Estaba en la cola de una librería cuando detrás de mí, escuché los gimoteos balbuceantes y suplicantes de dos niños.
—Paaaapiiii tengo hambdeeee
—Vaaaaaaale godi ahoda comemoozzzz
Ah, no. No eran dos criaturas. Eran más bien dos seres sobradamente desarrollados. Mujer, unos treinta, 1,70, labios rojos, taconazo. Hombre, unos treinta y cinco, 1,90, peludo, espaldaca. ¿Por qué? ¿Por qué se comunicaban como si fueran anormales? Era el mismo tono aflautado, de timbre estupidizador y aniñadamente artificioso que utilizamos a veces cuando hablamos a un bebé, vocalizando bien cada letra, exagerando y ajustando nuestra mimética física.

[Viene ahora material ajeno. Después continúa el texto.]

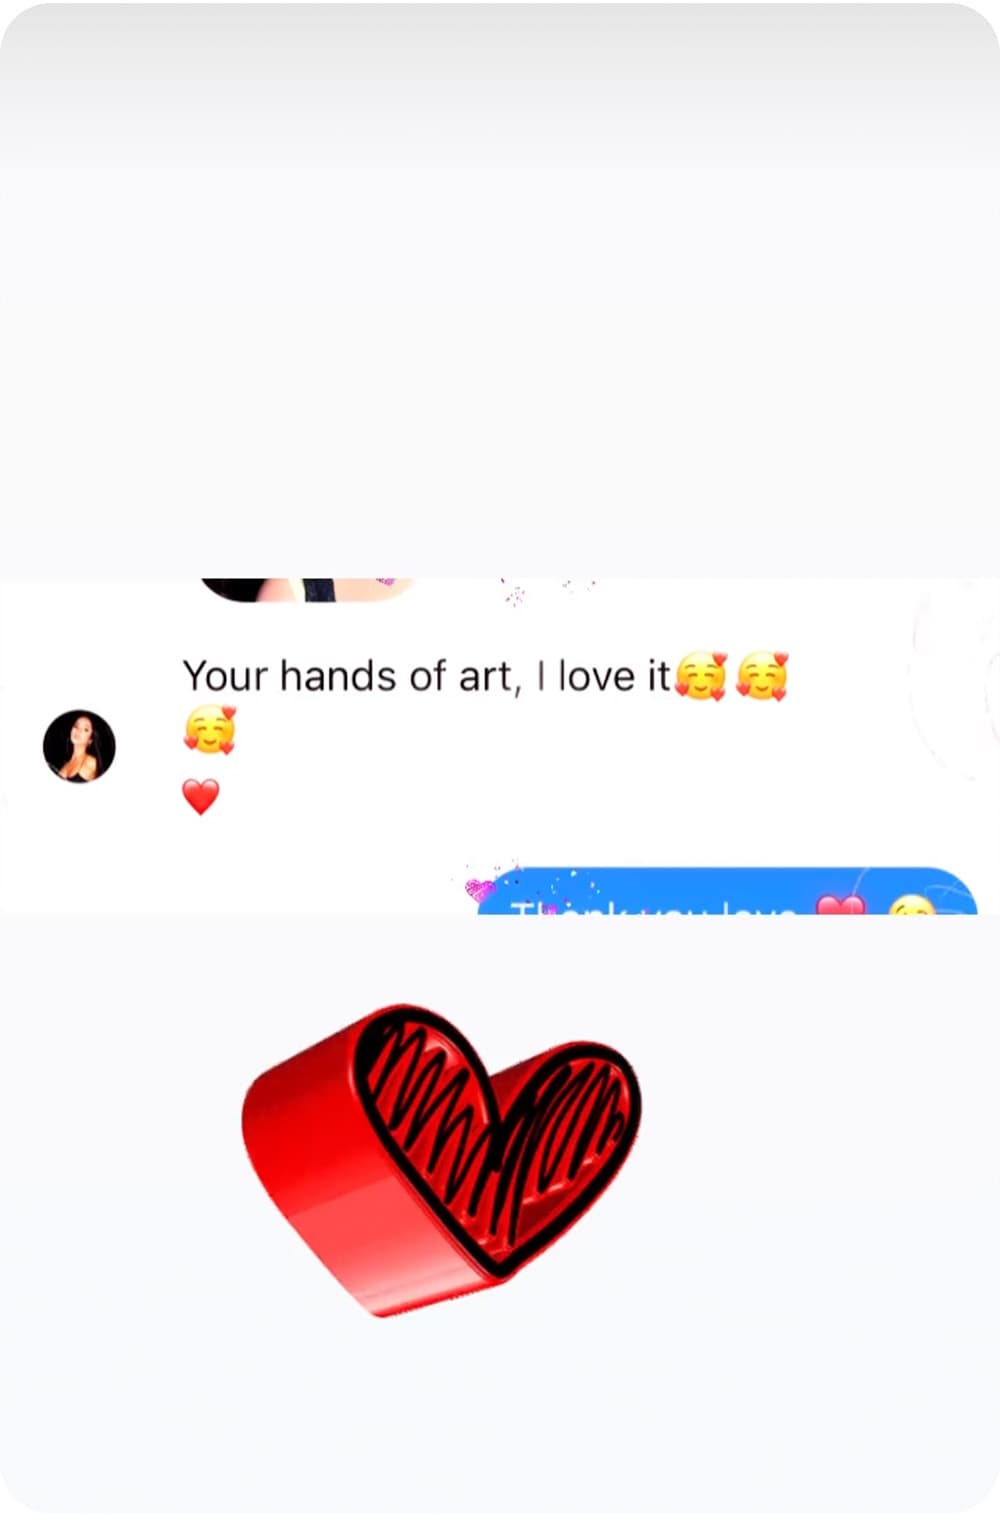 your hands of art, i love it
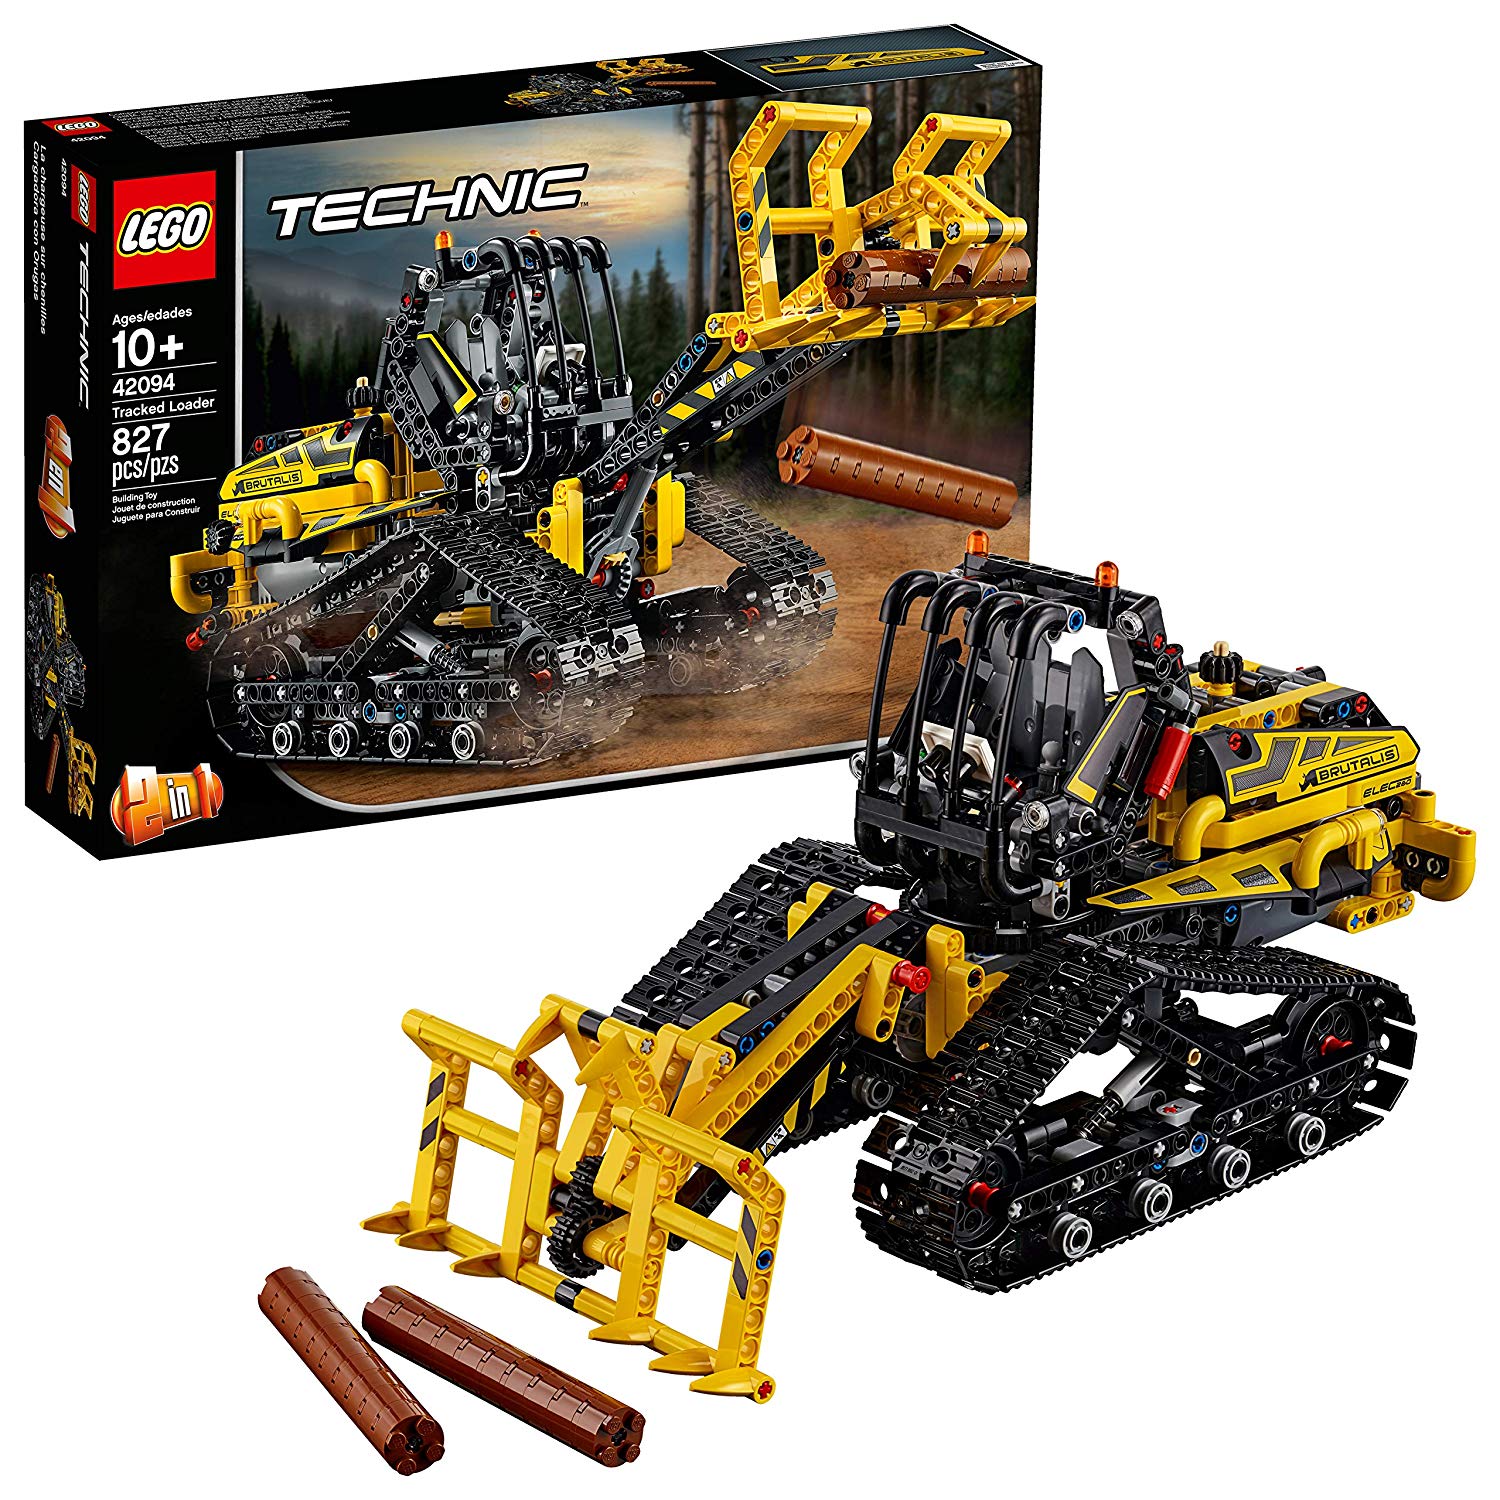 Technic Lego 42094 Construction Set New 2019 (827 Pieces)

Una cosa es usar el tono bebé y la otra bien distinta comunicarse a través de un lenguaje infantilizado. Poco a poco empiezo a fijarme en cómo se hablan algunas parejas. Al principio de la relación, la comunicación se presenta acorde a la edad, pero con el tiempo aparece sutil y gradualmente, esa ternura empalagosa del dialecto bebé conyugal. ¿Cómo pasamos del deseo, la pasión, el romanticismo, la ternura, al dialecto mamá? Gordi, peque, bebé, tonti, osito, gatito, quesito. Investigando, me sumerjo en realidades paralelas de hormonas, roles, teorías del apego, fetiches, pornografía y posibles resortes inconscientes.